The following figure shows the runner of a Pelton wheel. It consists of a circular disc on the periphery of which a number of buckets evenly spaced are fixed. The shape of the buckets is a double hemispherical cup or bowl. Each bucket is divided into two symmetrical parts by a dividing wall which is known as the splitter.

The jet of water strikes the splitter. The splitter divides the jet into two equal parts and the jet comes out at the outer edge of the bucket. The buckets are shaped in such a way that the jet gets deflected through 160° or 170°. The buckets are made of cast iron, cast steel bronze or stainless steel depending upon the head at the inlet of the turbine.

## Casing

The Following figure shows a Pelton turbine with a casing. The function of the casing is to prevent the splashing of the water and to discharge water to the tail race.

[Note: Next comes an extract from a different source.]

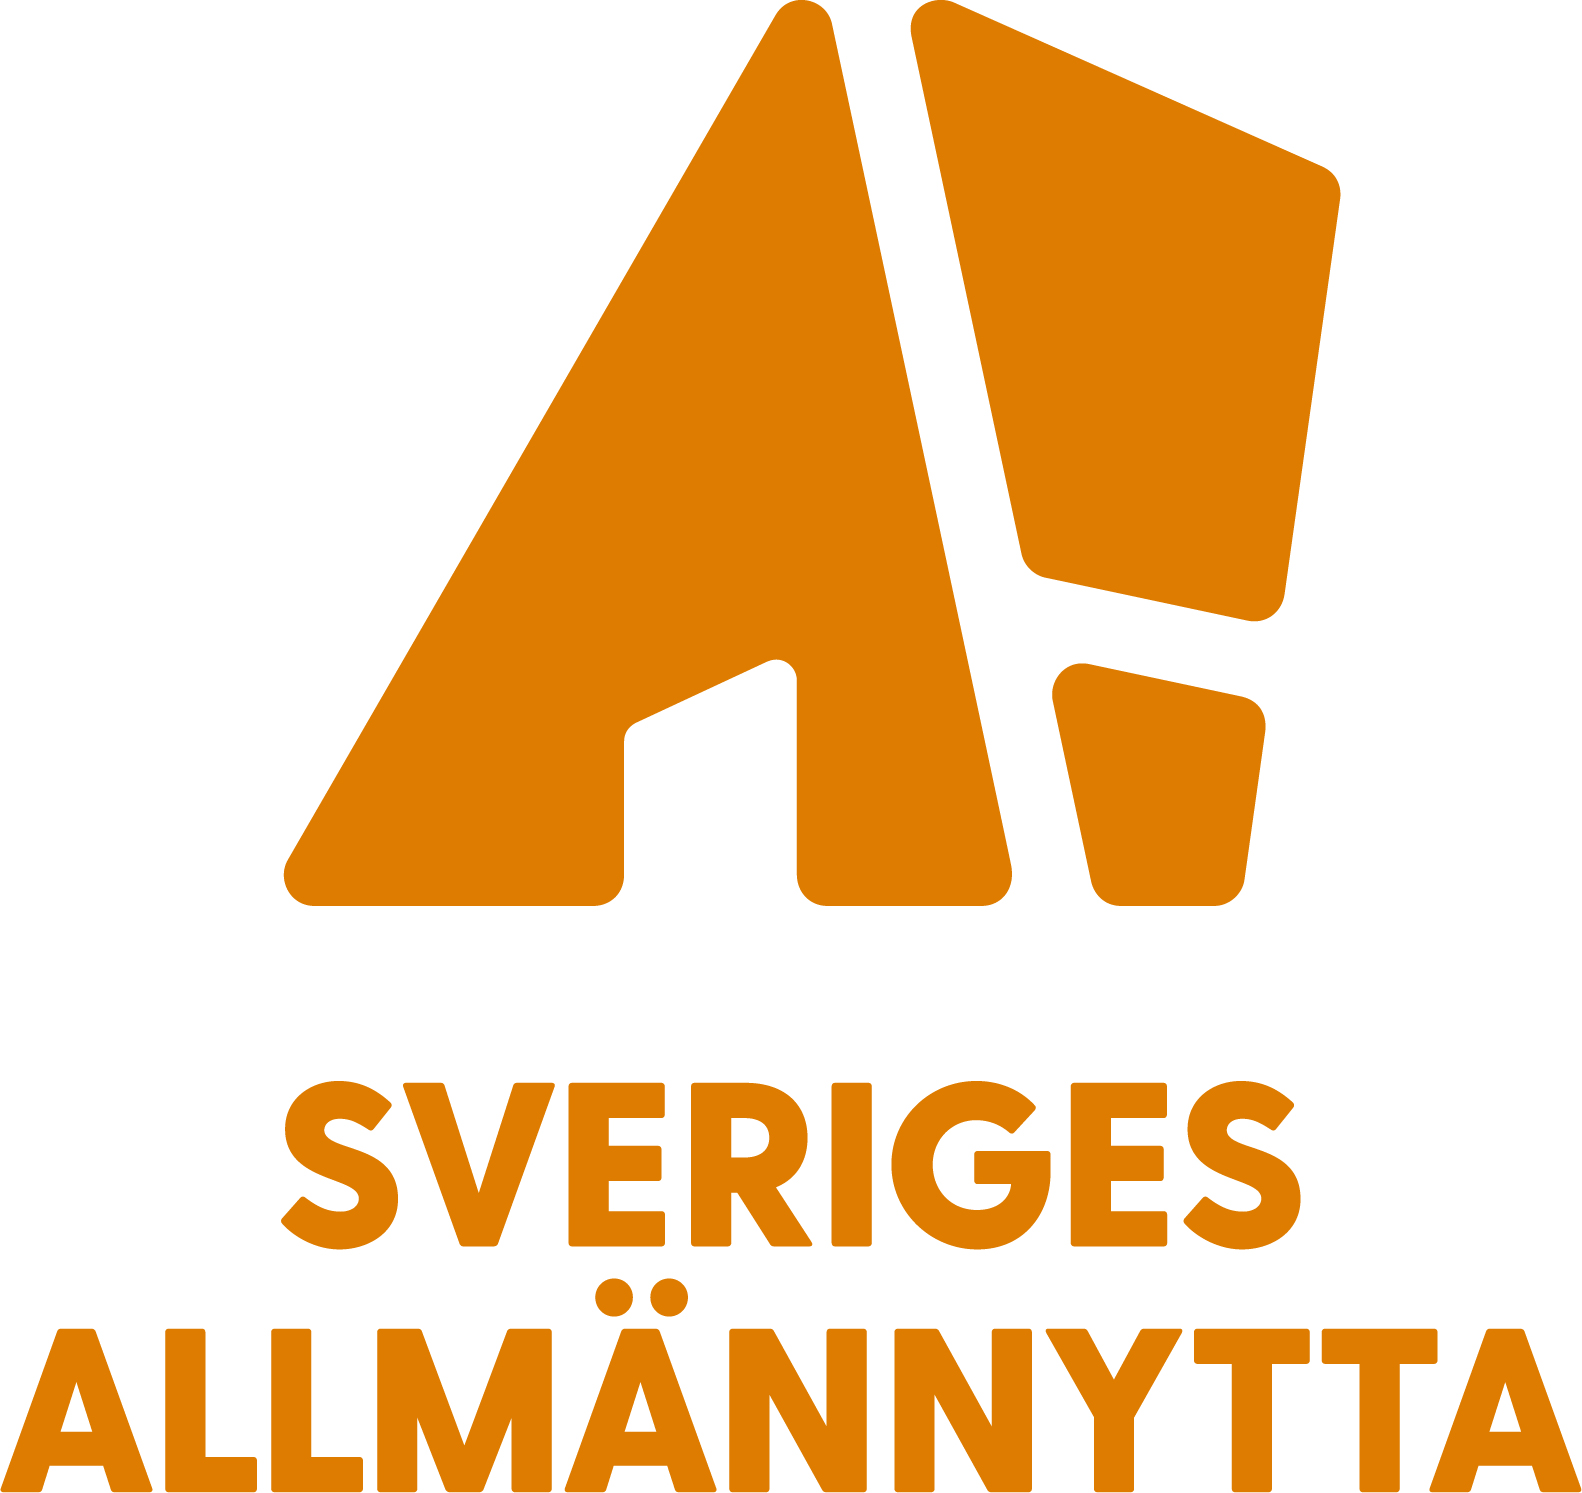 Sveriges Allmännytta logo
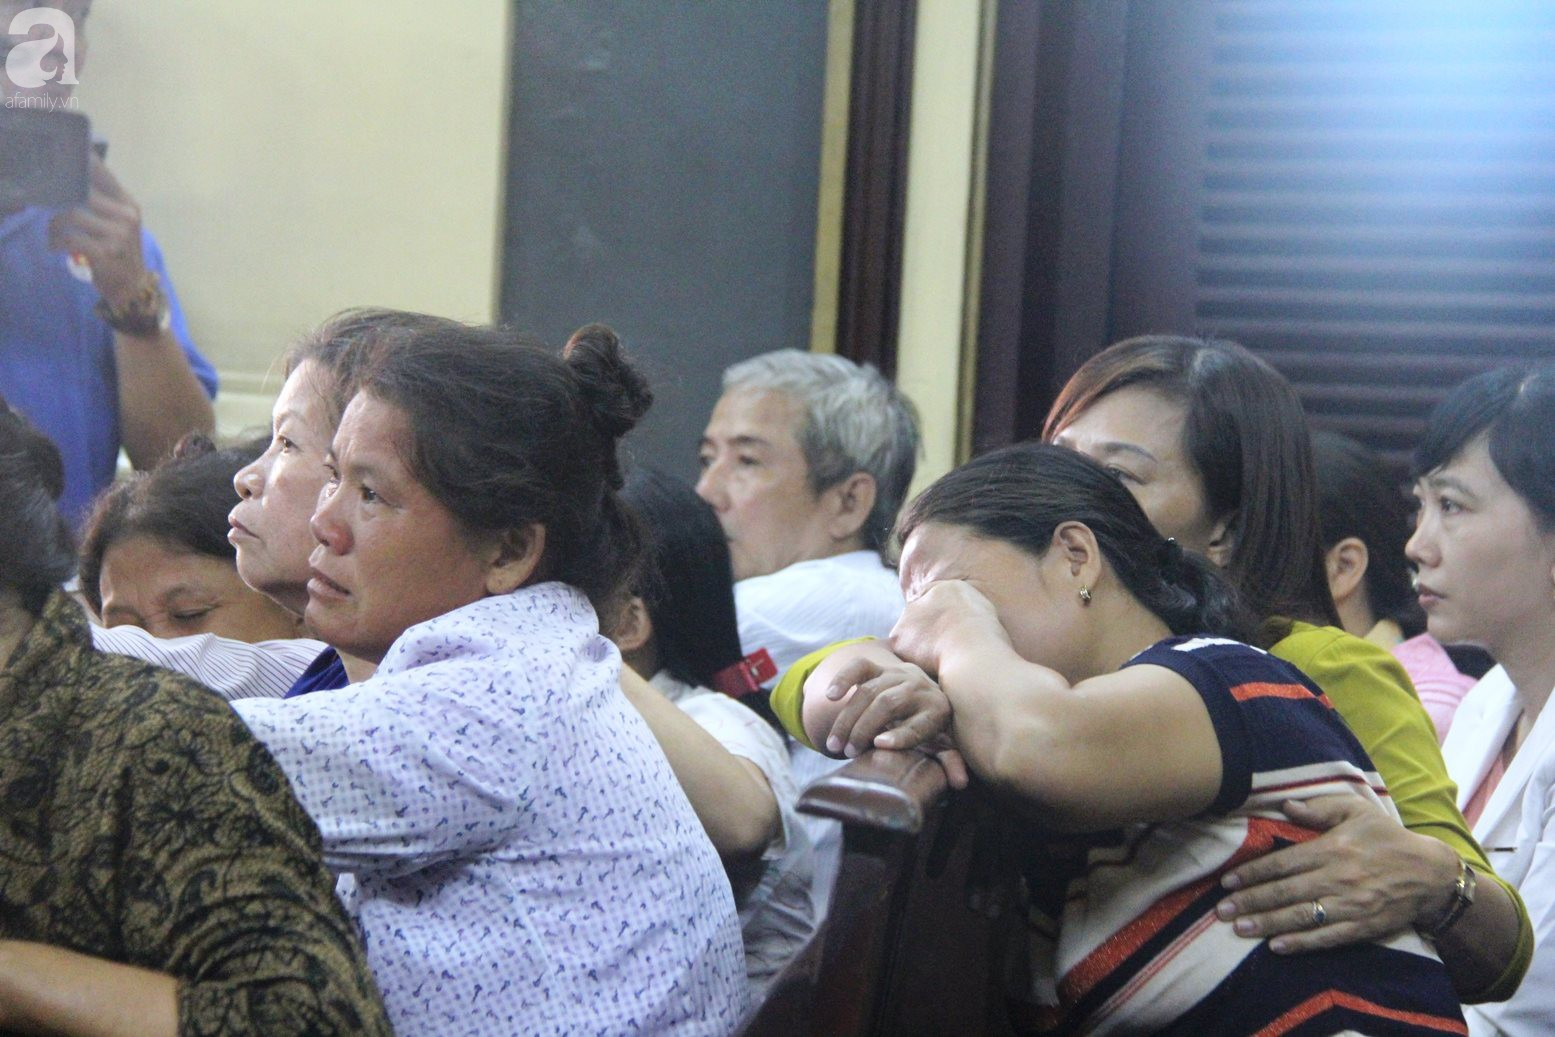 Tử hình kẻ giết chết 5 mạng người tại Bình Tân: Bị cáo xin lỗi, muốn hiến tạng cho y học, người nhà nạn nhân gào khóc thảm thiết - Ảnh 9.

It also acts as a safeguard against accidents. It is made of cast iron or fabricated steel plates. The casing of the Pelton wheel does not perform any hydraulic function.

### Breaking Jet

When the nozzle is completely closed by moving the spear in the forward direction, the amount of water striking the runner reduces to zero. But the runner due to inertia goes on revolving for a long time. To stop the runner in a short time, a small nozzle is provided which directs the jet of water to the back of the vanes. This jet of water is called a breaking jet.

## Velocity Triangles for Pelton Turbine

The following figure shows the shape of the vanes or buckets of the Pelton wheel. The jet of water from the nozzle strikes the bucket at the splitter, which splits up the jet into two parts. These parts of the jet, glide over the inner surfaces and come out at the outer edge.

Figure (b) shows the section of the bucket at Z-Z. The splitter is the inlet tip and the outer edge of the bucket is the outlet tip of the bucket. The inlet velocity triangle is drawn at the splitter and the outlet velocity triangle is drawn at the outer edge of the bucket, by the same method as explained in the Previous article.

Let H = Net head acting on the Pelton wheel

H = H_{g} – h_{f}

where

H_{g} = Gross head

V = Velocity of flow in the penstock

L = Length of the penstock

D = Diameter of the penstock

Then

V_{1} = Velocity of the jet at inlet = √(2gH)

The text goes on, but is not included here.